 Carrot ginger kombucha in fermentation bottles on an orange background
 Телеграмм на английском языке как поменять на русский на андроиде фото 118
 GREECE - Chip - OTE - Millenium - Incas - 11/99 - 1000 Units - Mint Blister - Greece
------------------------------------
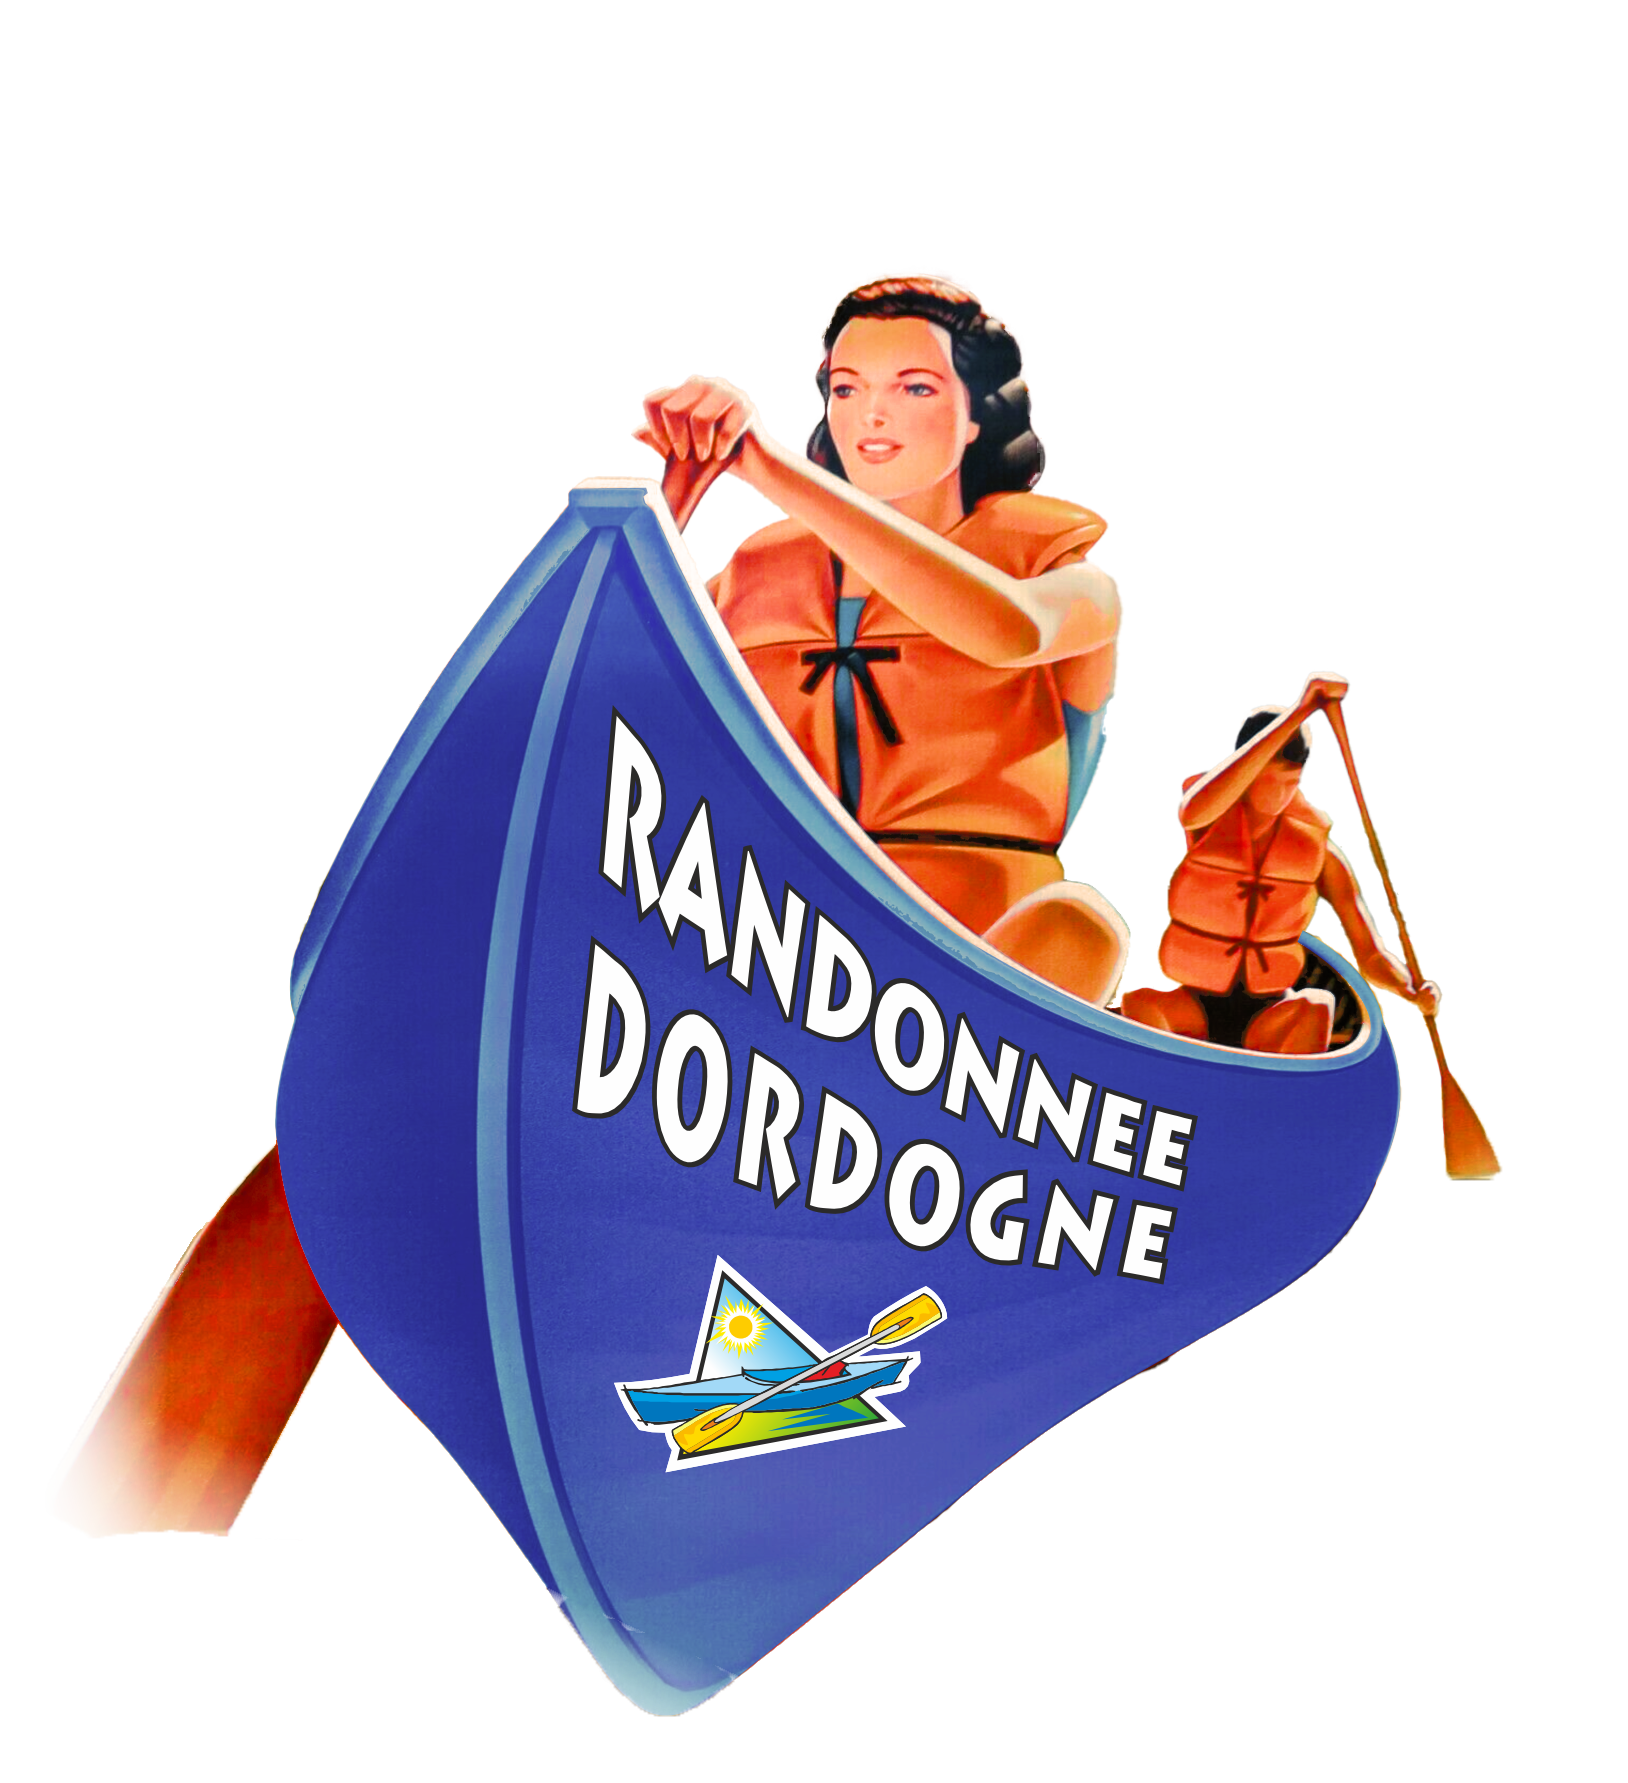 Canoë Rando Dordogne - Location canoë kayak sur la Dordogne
------------------------------------
= AIM OF THE TASK =
The listing above holds a line with "Carrot ginger kombucha" and a line with "GREECE - Chip". Print the stretch from the first through the second, exactly and alone.

= OUTPUT OF THE EXERCISE =
 Carrot ginger kombucha in fermentation bottles on an orange background
 Телеграмм на английском языке как поменять на русский на андроиде фото 118
 GREECE - Chip - OTE - Millenium - Incas - 11/99 - 1000 Units - Mint Blister - Greece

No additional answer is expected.